**Assignment**
Your copy should match the records below word for word and contain no pictures.

[Given entries Boundary: Start]

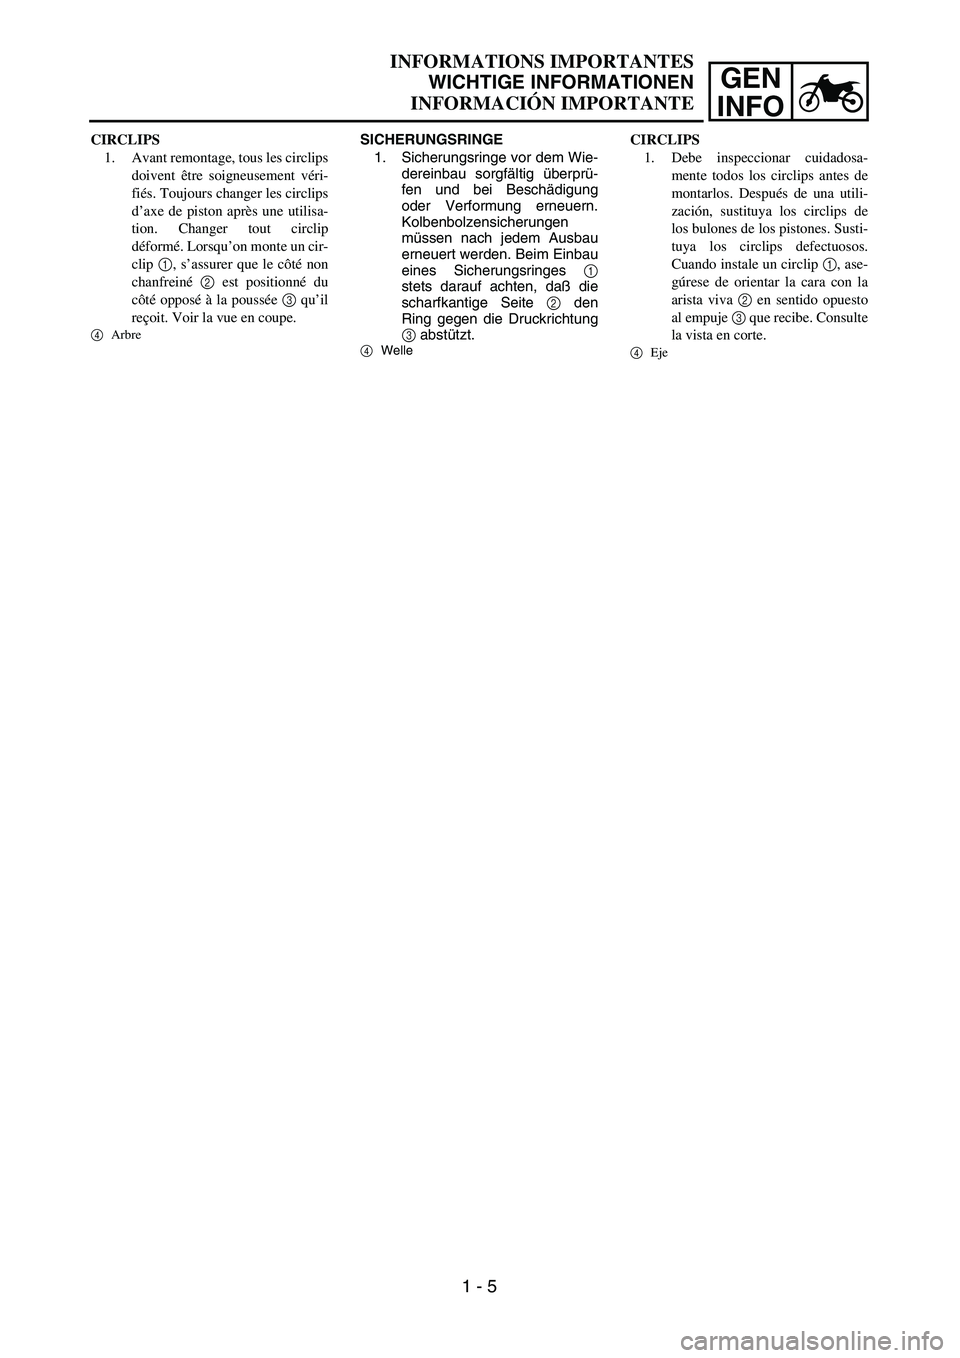 YAMAHA WR 450F 2004  Manuale de Empleo (in Spanish) GEN
INFO
SICHERUNGSRINGE
1. Sicherungsringe vor dem Wie-
dereinbau sorgfältig überprü-
fen und bei Beschädigung
oder Verformung erneuern.
Kolbenbolzensicherungen
müssen nach jedem Ausbau
erneuert

[Given entries Boundary: End]

**Solution**
 YAMAHA WR 450F 2004  Manuale de Empleo (in Spanish) GEN
INFO
SICHERUNGSRINGE
1. Sicherungsringe vor dem Wie-
dereinbau sorgfältig überprü-
fen und bei Beschädigung
oder Verformung erneuern.
Kolbenbolzensicherungen
müssen nach jedem Ausbau
erneuert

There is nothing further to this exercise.